To answer why were are using live view, basically been told there is something on this disc, but we can't find it, so trying to replicate what the user is seeing. But I can understand that if we can't find it view EnCase and keyword searches etc its probably not that, so its more of a last resort for our own sake to say we have tried everything.
My colleague did get this working on another PC in the office that had the license for Mount Image Pro (I don't hence the reason I had to use EnCase to mount the image as a virtual machine) I think there could be a link between the two as I can not see any other reason as to why it would fail. I don't see Win7 being a problem as VFC & VMWare both place nice on my machine!

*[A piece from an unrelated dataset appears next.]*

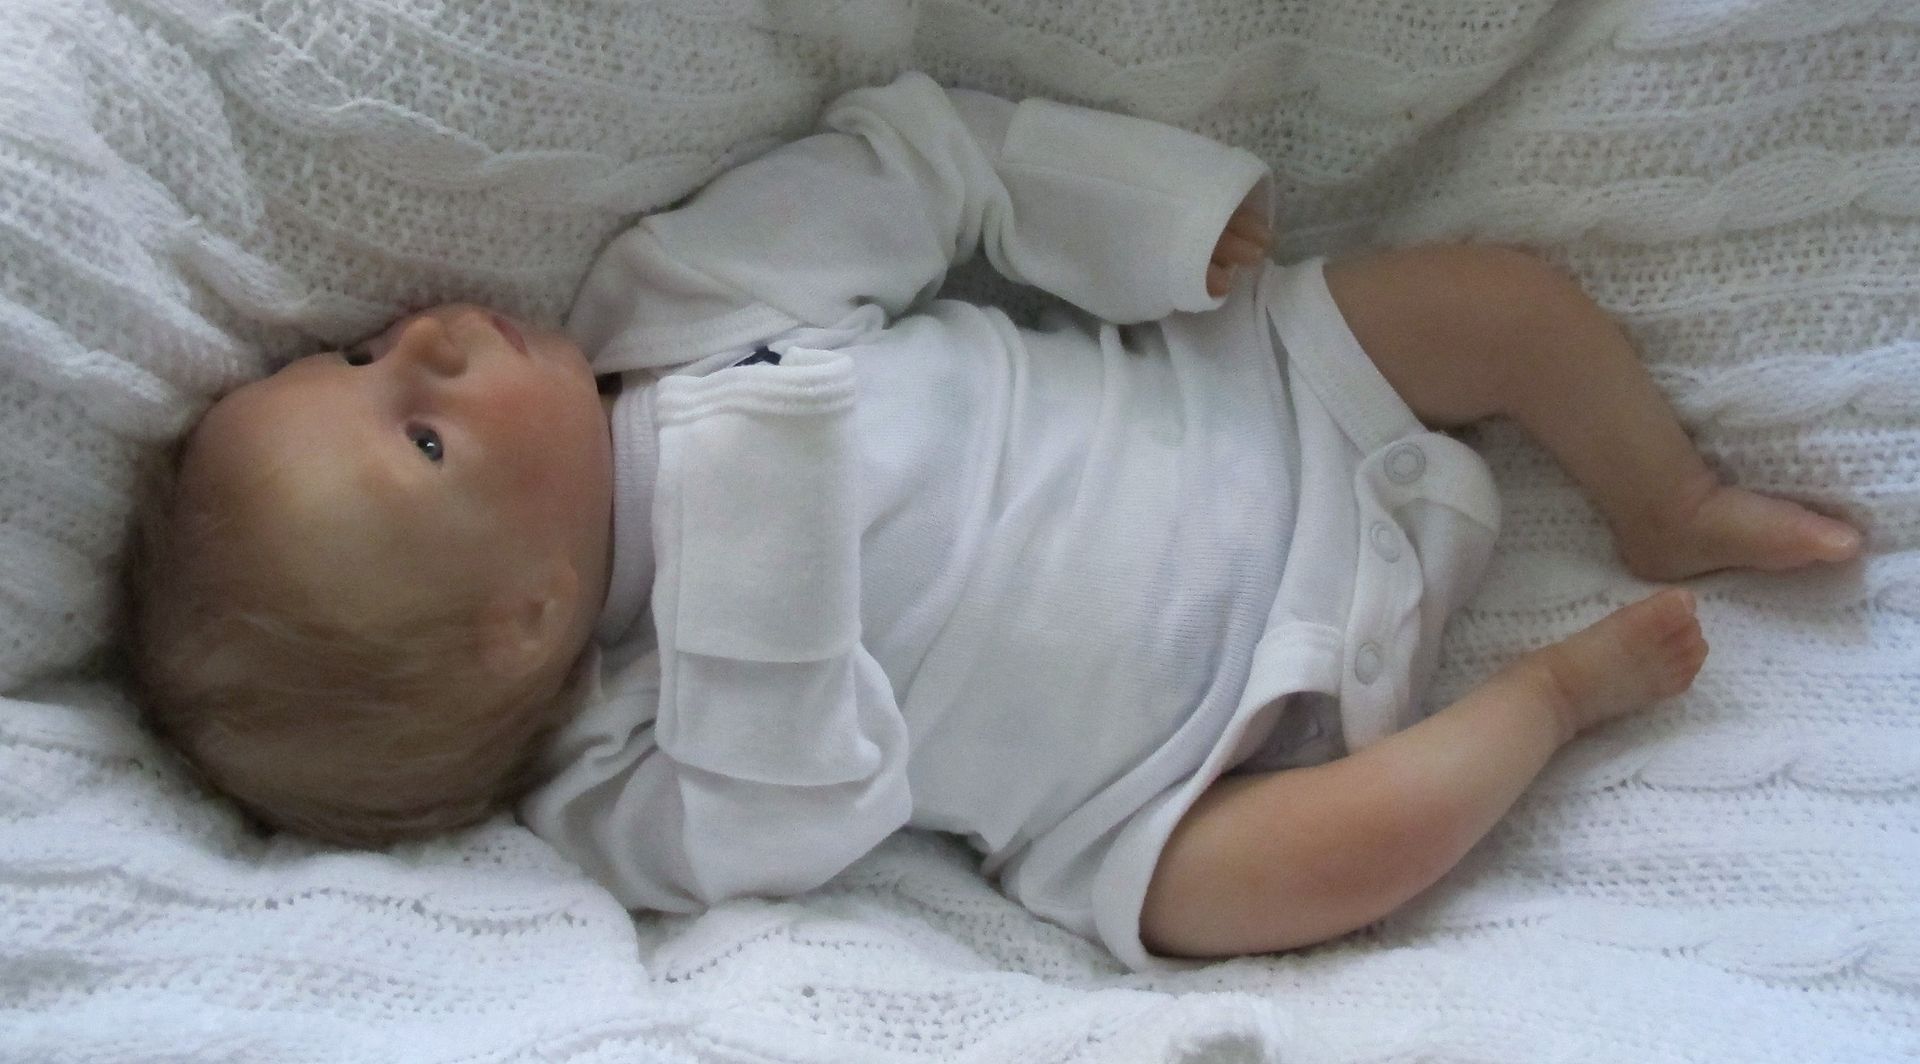 Doves Nursery ♥ Real Life Reborn Baby Boy ♥ A Cameron Klingman Sculpt

Possibly something I should look into in the future if I get a licence for MIP. I could try mounting an E01 image with both and opening in VFC and see if they work or not, it would certainly eliminate the image I used if MIP loads it and EnCase doesn't.
Thanks for the replies.
Just a thought, could you not also convert the E01 image to a raw/DD image thereby eliminating the requirement to mount it before creating a VM from it? This is what I generally do before using either VFC or LiveView. I understand this creates a storage issue for a duplicate image but then there are less programs running to get it working.